- Film poster
- Directed by: Raúl Chamorro
- Written by: Raúl Chamorro
- Produced by: 9 y 1/2 Comunicaciones
- Starring: Magdiel González Eliane Chipia Leónidas Urbina Glenda Mendoza Mercedes López Salvador Villegas
- Cinematography: Gerard Uzcátegui
- Music by: Álvaro Cordero
- Release date: March 27, 2015 (Venezuela);
- Running time: 93 minutes
- Country: Venezuela
- Language: Spanish

= El desertor =

2015 Venezuelan film

El desertor (lit. 'The deserter') is a 2015 Venezuelan romantic drama film directed by Raúl Chamorro. The film focuses on a conscript that decides to desert from the army.

== Plot ==

Set in the Andes region of Venezuela in the 1960s and 1970s, a young peasant, Julian, is forcibly recruited into the army, where he suffers mistreatment and abuse and takes the decision to desert.

== Production ==

Before the filming started, the script represented Venezuela in 2012 in a screenwriting workshop that was part of the Havana Film Festival.

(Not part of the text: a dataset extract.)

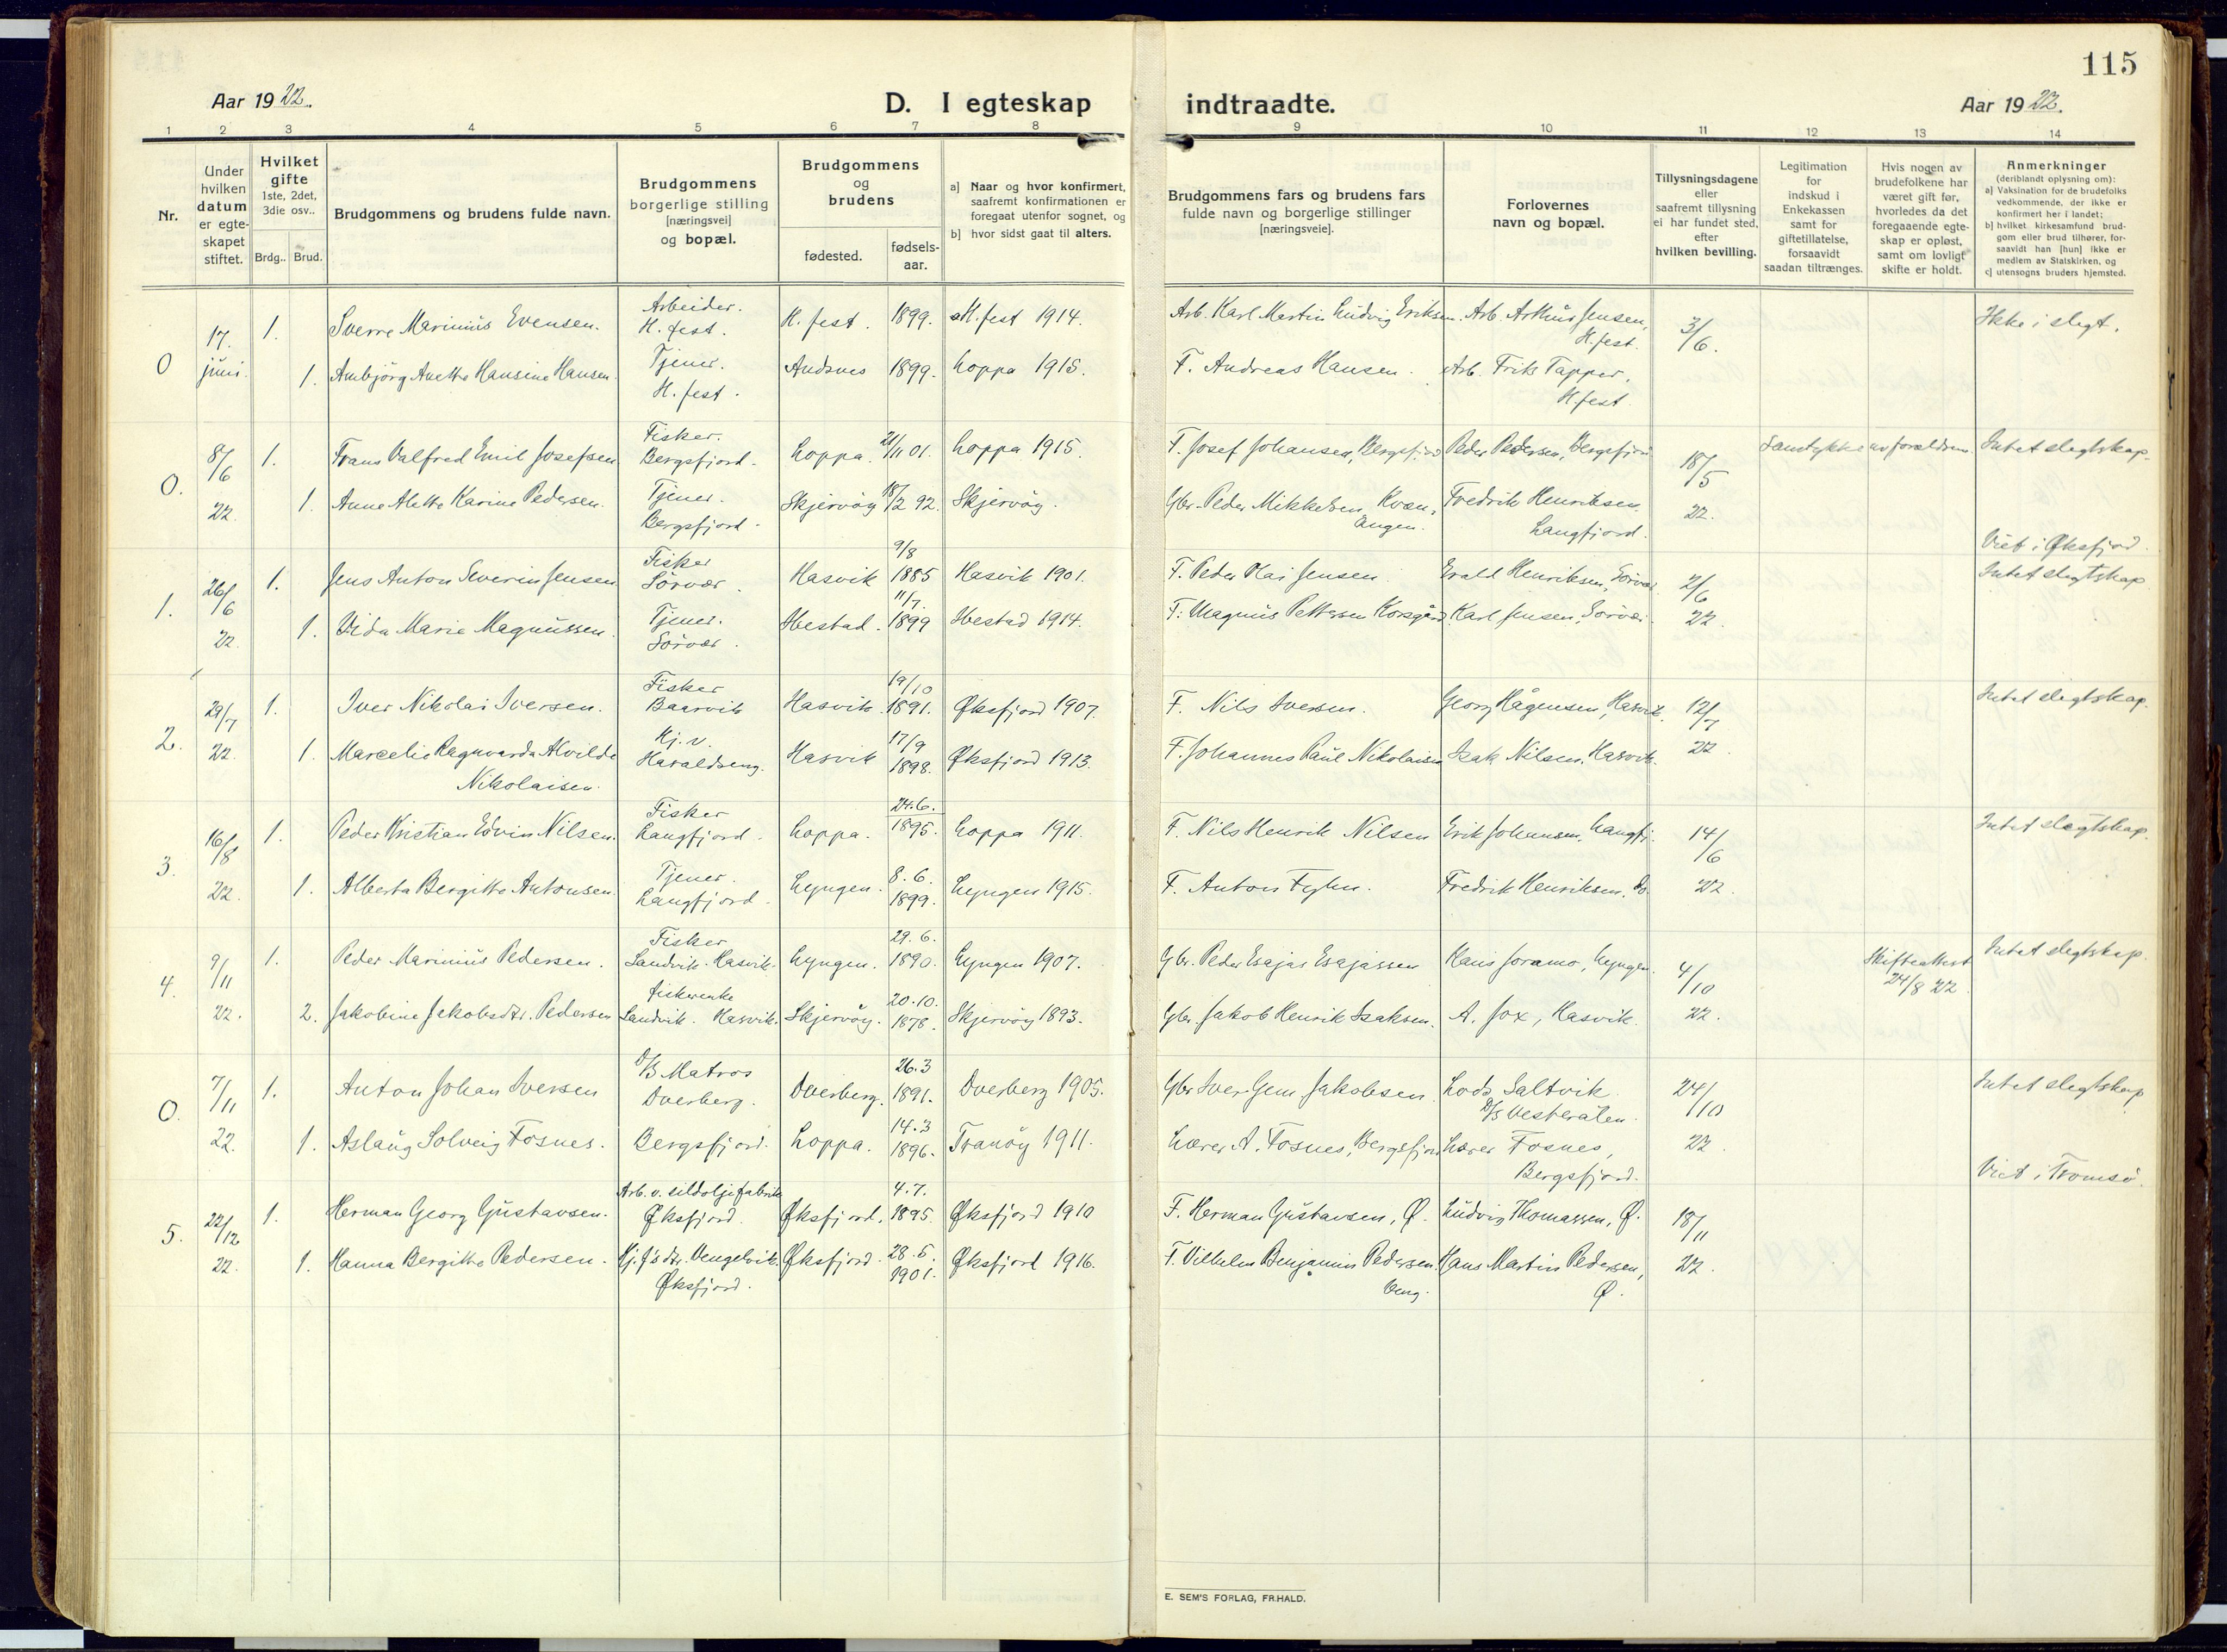 SATØ, Loppa sokneprestkontor, H/Ha/L0013kirke: Ministerialbok nr. 13, 1920-1932, s. 115
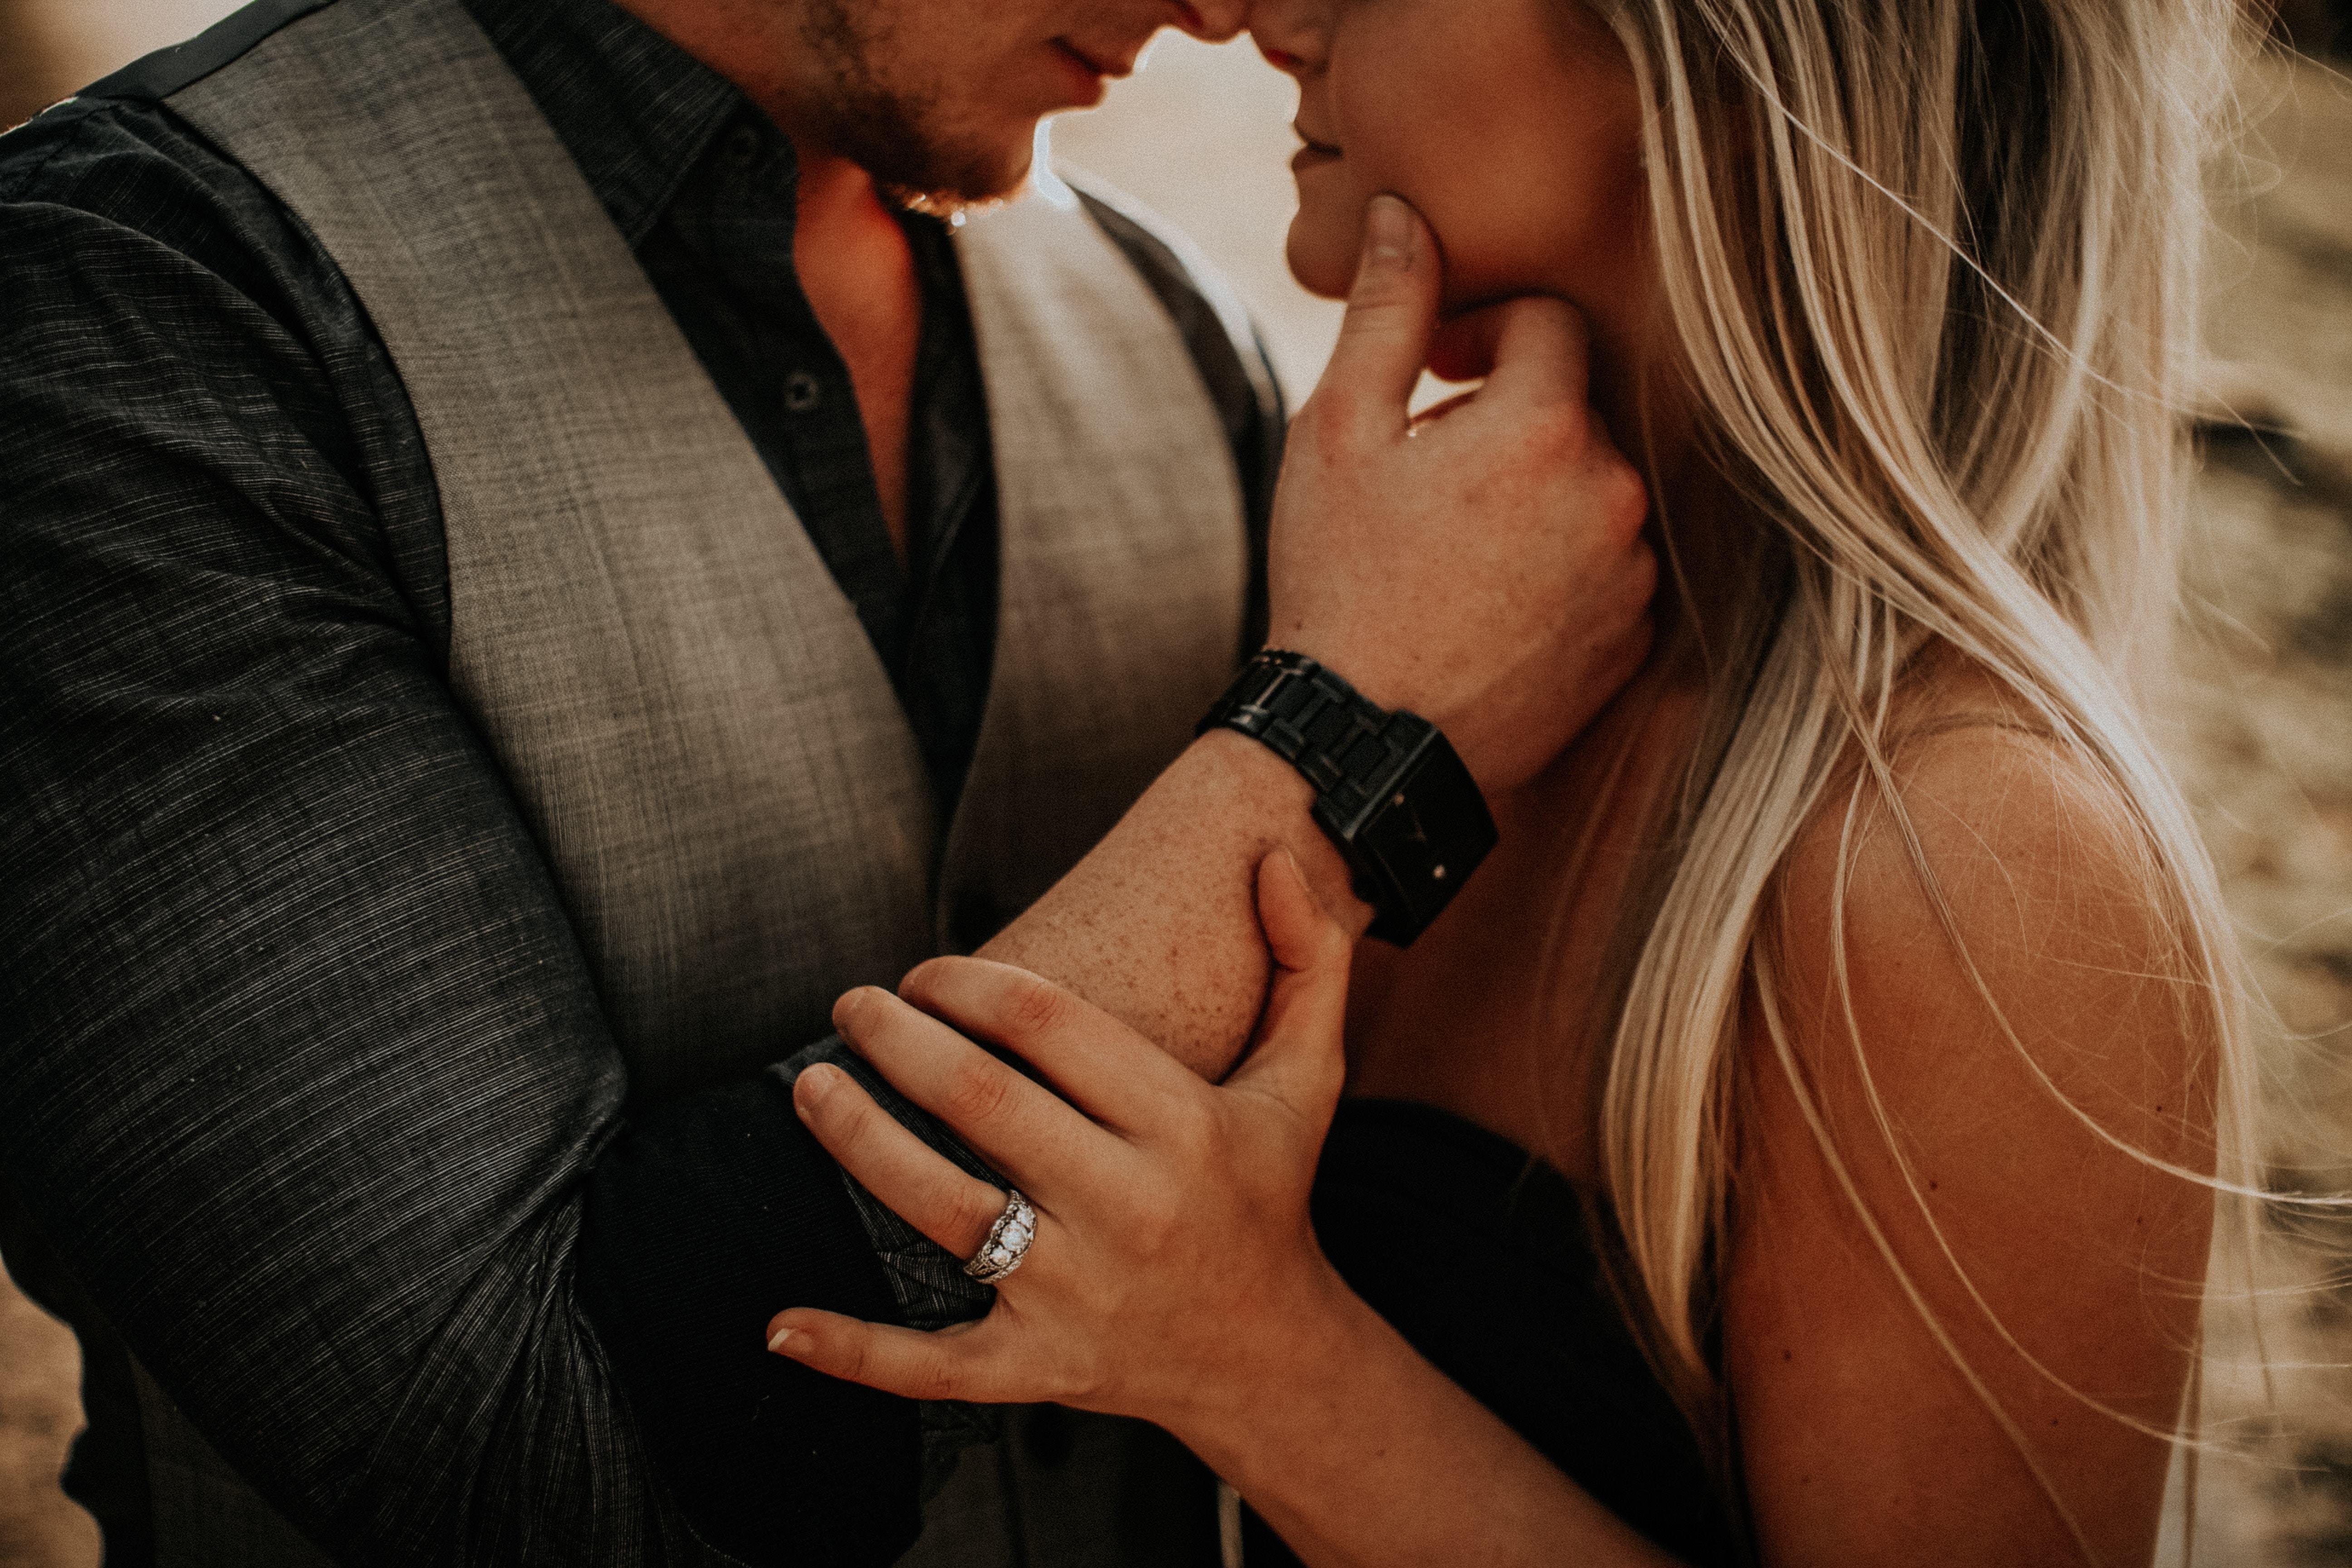 Mensagem de amor e amizade - Amor não é só beijo e amasso!

The filming took place in the town of Jajó, Trujillo state, in the Urdaneta municipality. Over 300 residents were selected to participate as extras in the movie, and the residents provided most of the props used in the production. The cast was entirely made up of actors from the Andes.

== Release ==
At its release, the film was screened in at least forty cinemas across different cities in Venezuela. It participated in the Venezuelan Film Festival in Mérida state in 2016, as well as the International Festival of Culture in Boyacá, Colombia, in 2019.